To choose the best-fitting approach, you need to clearly understand, among other issues, what exactly you aim to achieve with your future product, which platforms it will run on, and how much time you have until releasing your product to the market. Once you've clarified the vision, weigh it against the available strategies.
Consider going the custom route if the task you are solving is narrow and non-trivial and requires the ultimate accuracy of human pose estimation. Keep in mind, however, that the development process is likely to be time- and effort-intensive.
In turn, if you are developing a product with a mass-market appeal or a product that caters to a typical use case, going for library-based development would help build a quality prototype faster and with lower effort. Still, in many cases, you would have to adjust the given model to your specific use case by further training it on the data that best reflects the reality.

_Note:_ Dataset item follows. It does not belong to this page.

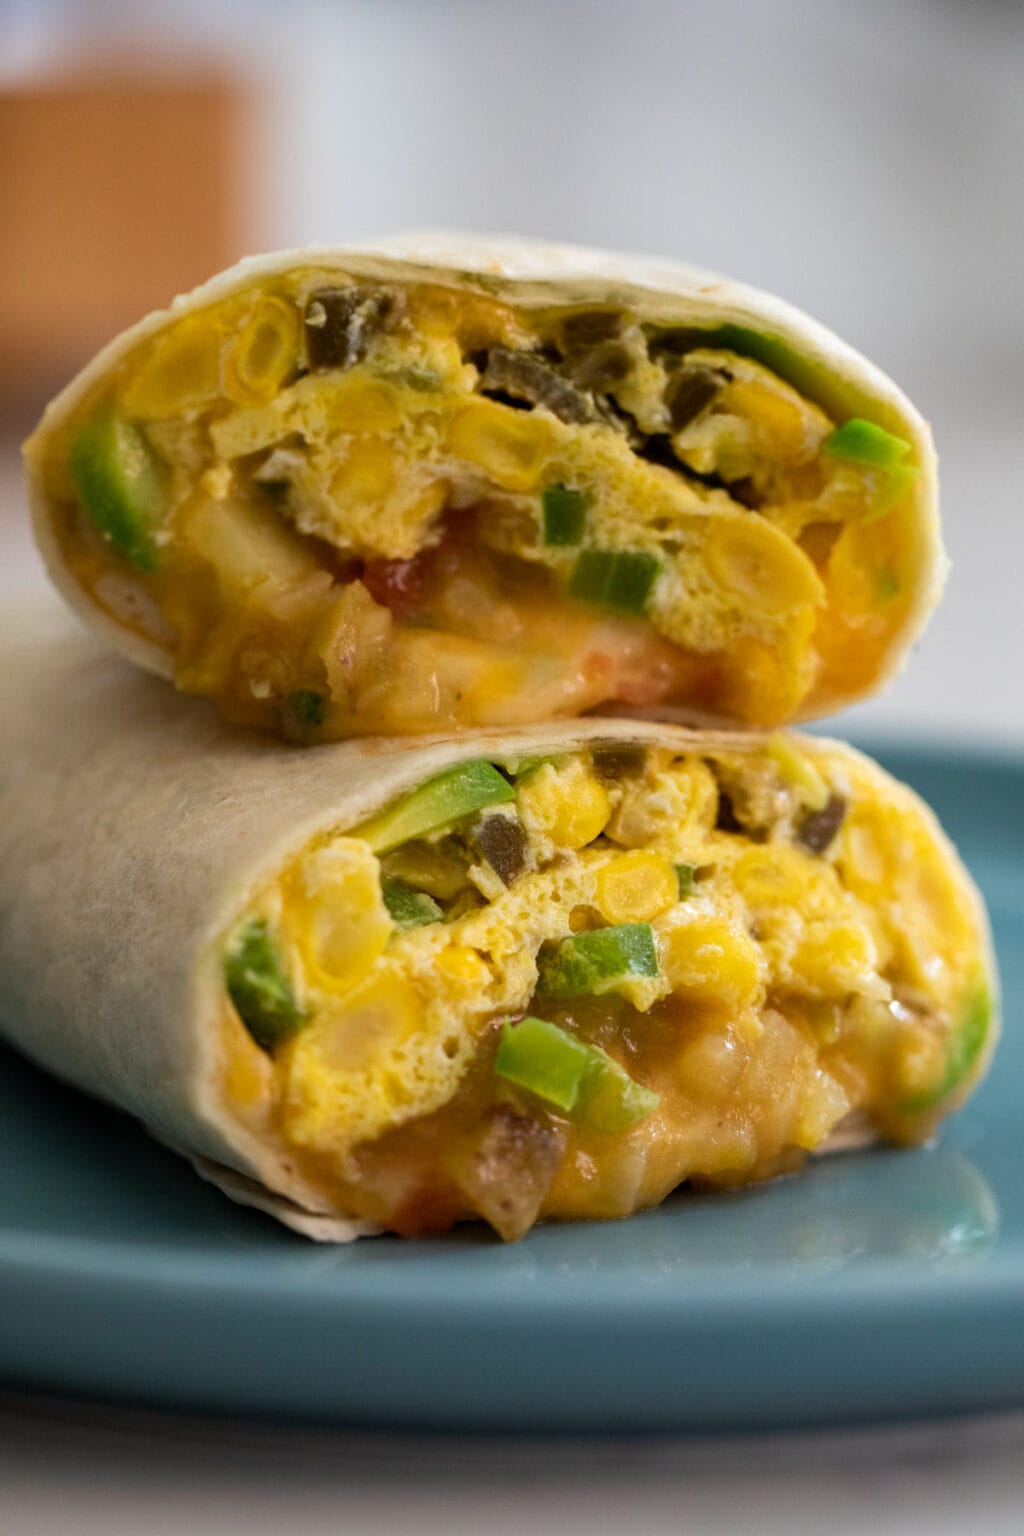 Microwave Breakfast Burrito with Potatoes - 10 Minute Recipe

— Suppose I decide to go for library-based development; what factors should I consider to choose the fitting one?
Kirill: You may go for a proprietary or an open-source library. Proprietary libraries could provide for more accurate pose estimation and require less customization. But you have to prepare a backup plan in case an owner, say, discontinues the library support.
Open-source libraries, in turn, often require more effort to configure. But with an experienced team, it may be an optimum option balancing the quality of recognition, moderate development costs, and fair time-to-market.
Pay attention to the number of keypoints a library is able to recognize, too. A solution for dancers or yogis, for instance, may require identifying additional keypoints for hands and feet so that BlazePose might look like a more reasonable option. If latency is critical, select the library that runs at an FPS rate of 30 and higher, for example, MoveNet.
— Why aren't the standard datasets lying at the base of most models enough for an accurately performing solution? What data should I then use to further train and test the model?
Kirill: A well-performing human pose estimation model should be trained on the data that is authentic and representative of reality. The truth is that even the most expansive datasets often lack diversity and are not enough to yield reliable outcomes in real-life settings. That's what we faced when developing the human pose estimation component for our client's fitness mirror.
To mitigate the issue, we had to retrain the model on additional video footage filmed specifically to reflect the surroundings the mirror will be used in. So, we compiled a custom dataset of videos featuring people of different heights, body types, and skin colors exercising in various settings — from poorly lit rooms to spacious fitness studios — filmed at a particular angle. That helped us significantly increase the accuracy of the model.
— Are there any other easy-to-overlook issues that still influence the accuracy of human pose estimation?
Kirill: Focusing on the innards of deep learning, development teams may fail to pay due attention to the cameras. So, make sure that the features of a camera (including its positioning, frame size, a frame rate, a shooting angle, as well as whether the camera is shooting statically or dynamically) used for filming training data match those of cameras real users might employ.